United Spirts Q3 profits surge
Liquor major United Spirits Ltd reported a three-fold rise in profits during Q3 of the FY'16. The company's standalone net profit rose to Rs.147.70 crore due to lower finance costs and exceptional expense. United Sprits' total income from operations also grew 6.16% to Rs.7,082.22 crore. USL CEO Anand Kripalu said this happened "despite the subdued economic environment in the third quarter due to demonetization."
United Spirits Limited (USL), is an Indian alcoholic beverage company, the world's second largest by volume. Founded by Angus McDowell in 1826, the company, known as McDowell & Co then, started out importing foreign liquor to India. The company was bought by Vittal Mallya's United Breweries in 1951. In 1973, Vijay Mallya inherited the company and helped build it into India's largest liquor company.

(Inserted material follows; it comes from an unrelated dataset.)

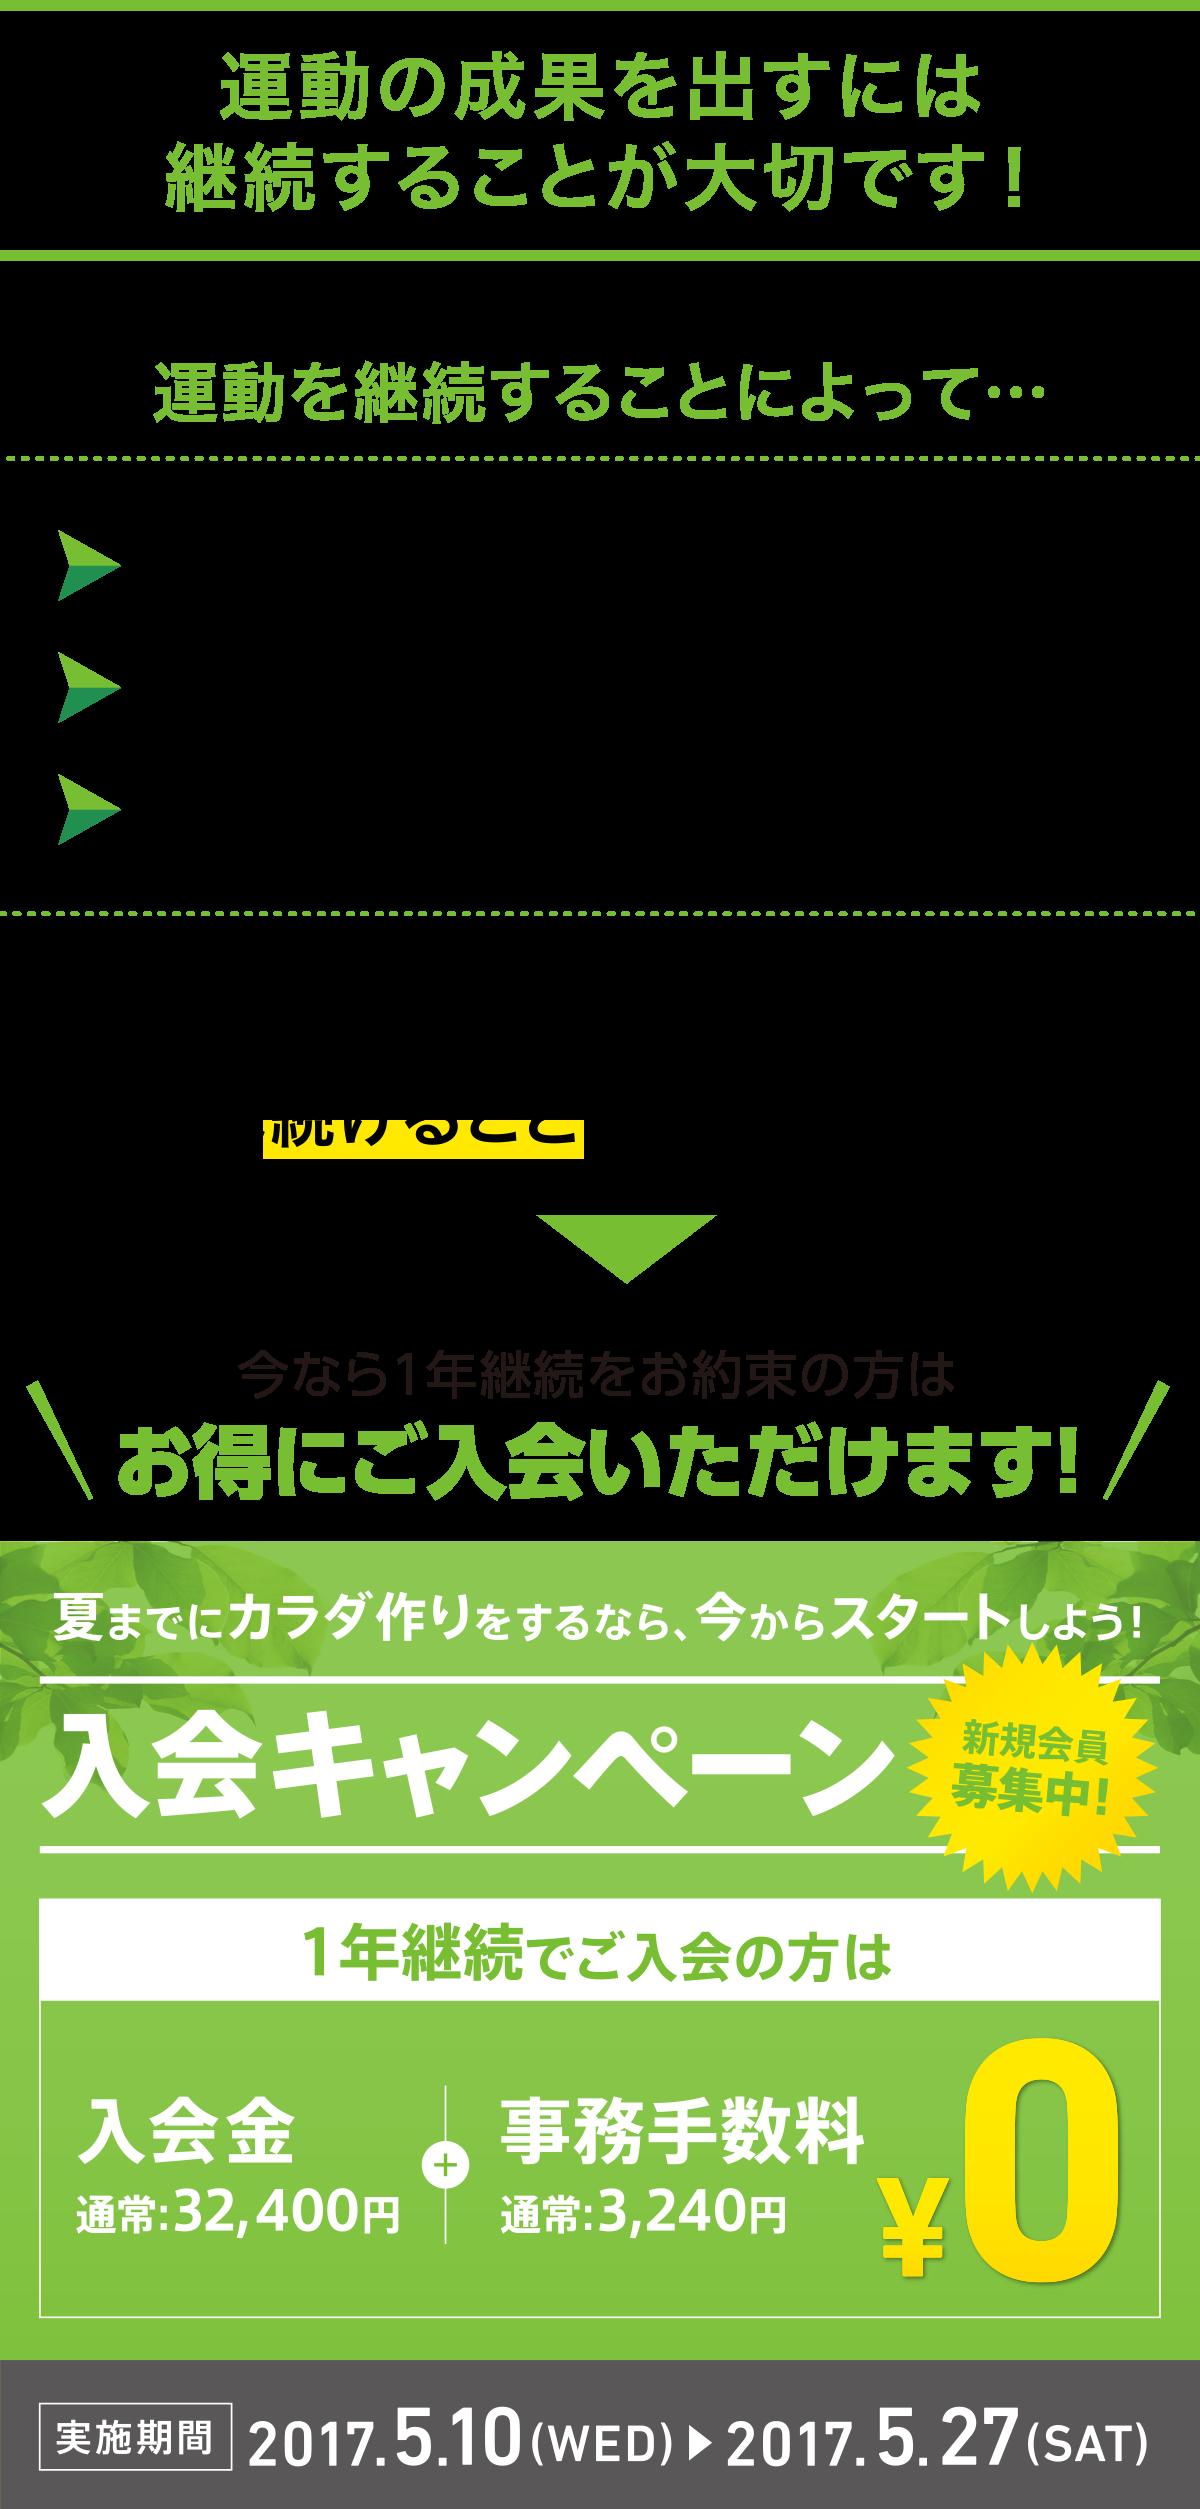 201705-campaign-02

Mallya suffered major losses after UB group's Kingfisher Airlines was grounded and sold 53% of his shares in USL to UK-based alcohol manufacturer Diageo. USL's management control was transferred to Diageo, who began to push for Mallya's ouster. In September 2014, Diageo pushed for an internal probe into loans extended by USL to prop up Kingfisher Airlines between 2010-2013.
The USL internal probe held Mallya responsible for Rs.7,200 crore in losses to the company, causing a boardroom battle with the board of directors demanding Mallya's resignation. Mallya declined to resign, calling the probe severely flawed, while Diageo threatened to bring shareholders on board to resolve the matter. Diageo and Mallya eventually conducted an internal discussion to forge a deal and resolve the issue.

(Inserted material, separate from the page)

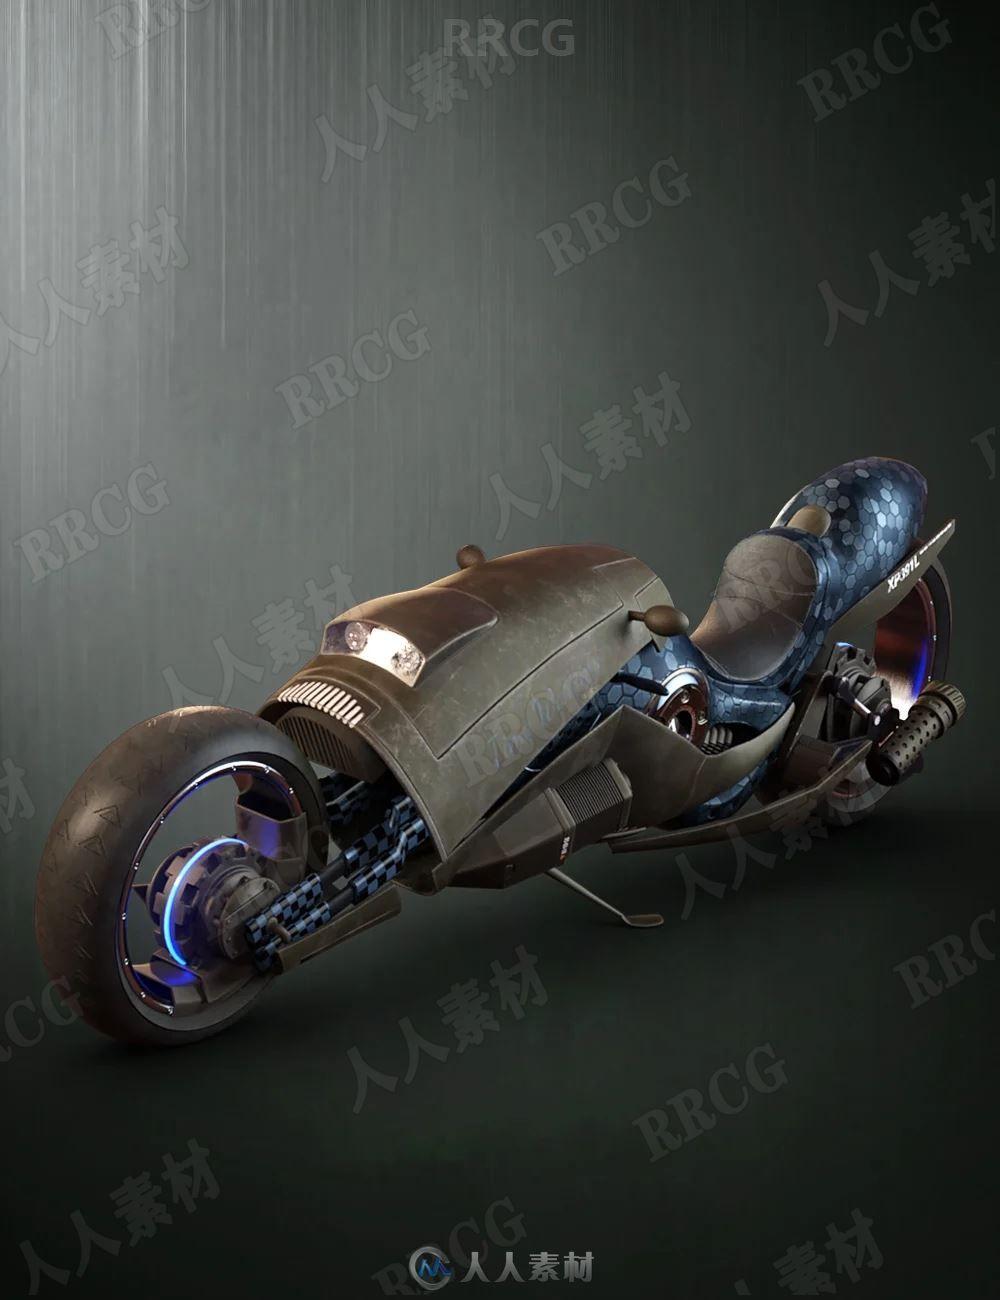 科幻磁悬浮摩托车产品交通工具3D模型合集

In November 2015, the State Bank of India and Punjab National Bank declared Vijay Mallya a 'wilful defaulter' for not paying loans worth Rs.7,000 crore, making it difficult for him to re-apply for loans.

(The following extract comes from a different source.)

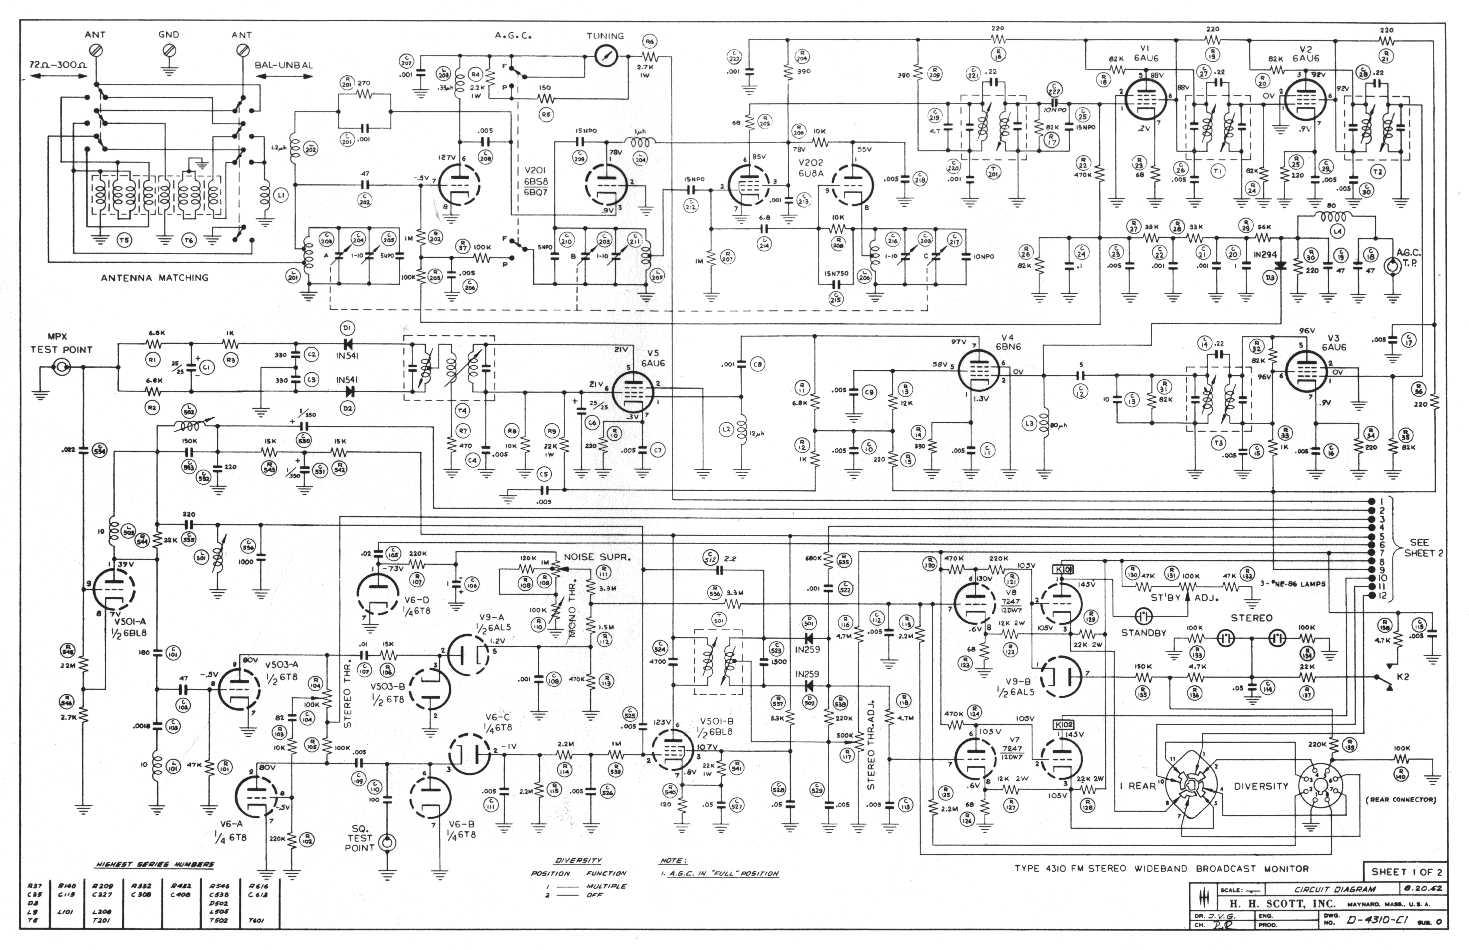 Schem on Schematics For A 350

Vijay Mallya agreed to step down as United Spirits' non-executive director and chairman, amicably ending a year-long boardroom battle. USL's largest stakeholder Diageo paid Mallya $75 million to bind him in a 'non-interference, non-compete' pact that will prevent him from buying shares in USL or Diego for five years. Former ICICI chairman Mahendra Kumar Singh has been appointed as USL chairman.
"It brings to an end the uncertainty relating to the company's governance. This will allow the company to prosper and build on the great platform that we have already created in this exciting market "- USL Managing Director and Chief Executive Officer Anand Kripalu.
USL and its parent company Diageo came under fire as its shareholders were upset with Mallya's exit agreement. The investors sought a regulatory investigation into Diageo paying him $75 million as 'no-compete fee' over the next 5 years. USL, however, explained that a breakup with Mallya "would help the company to unlock more value once Diageo is in full control of the local operations."
A Debt Recovery Tribunal (DRT) told liquor baron Vijay Mallya that he could not access the $75 million (Rs.515 crore) that he was to receive as part of his 'sweetheart' settlement with the alcohol group Diageo. The DRT, acting on SBI plea, directed Diageo from paying the money for now. It also fixed 28 March as the next hearing date.